While witches and their aesthetic are pretty trendy these days, that wasn’t always the case. You don’t have to go back too far in history to reach a point where witches were associated with all things vile and despicable – most prominently the Prince of Darkness, Satan himself.
And, going back even further, witches were not the only group to be associated with Satan by the Christian church, either. Another group commonly accused of consorting with the devil during the Middle Ages were Jewish people.
During this time, a version of the ‘satanic panic’ of the 1980s existed in many European Christian countries, though at that time it was Jewish people who were considered the culprits. Starting around the 12th century it was a common belief that Jewish people possessed magical powers gained from deals with the devil.
Jewish people were often accused of murdering Christian children in grisly sacrifices that mocked the Christian Eucharist.
So what does this have to do with pointy hats? Before the more well-known yellow badge that denoted a person was Jewish in the Middle Ages, a type of cap called a judenhut or Jewish hat was often worn to signify someone was Jewish.
[clear] While initially Jewish people brought this fashion with them as they immigrated and wore it with pride, later they were forced to wear the caps to make sure they were distinguishable from the Christian population.
The judenhut takes a lot of different forms, some with a skinny peak with a ball on top, but others look almost exactly like the witches hats we know today. So when Jewish people were depicted in medieval art taking part in Satanic rituals, they often wore these pointy hats – sometimes even the devil was depicted in one himself.
Another common artistic motif was a scene of Jewish people being burned alive – again, wearing their pointed hats, and again a scene that is also common to that of witches.

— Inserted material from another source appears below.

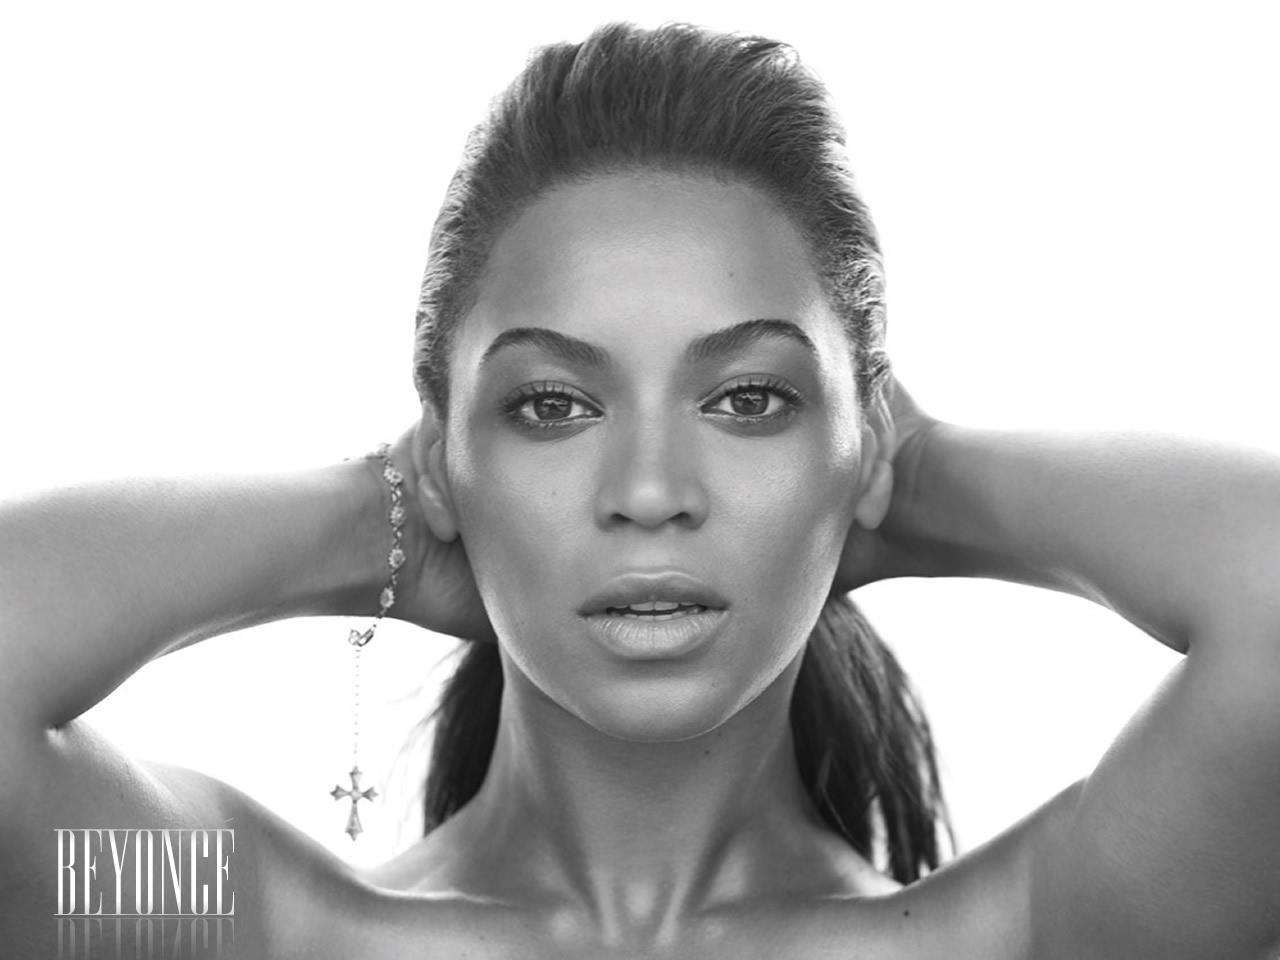 Am Beyonce Wallpaper

The hats themselves were sometimes seen as demonic in themselves – their Latin name pilleus cornutus or ‘horned skullcap’ directly links the style of hat to the Horned One himself, and horns were one of the easiest shortcuts for depicting something as demonic.
That being said, the pointed hat wasn’t regularly connected to witchcraft until centuries later, but it’s likely that the anti-Semetic imagery that persisted through the centuries was a strong influence on this symbolic choice.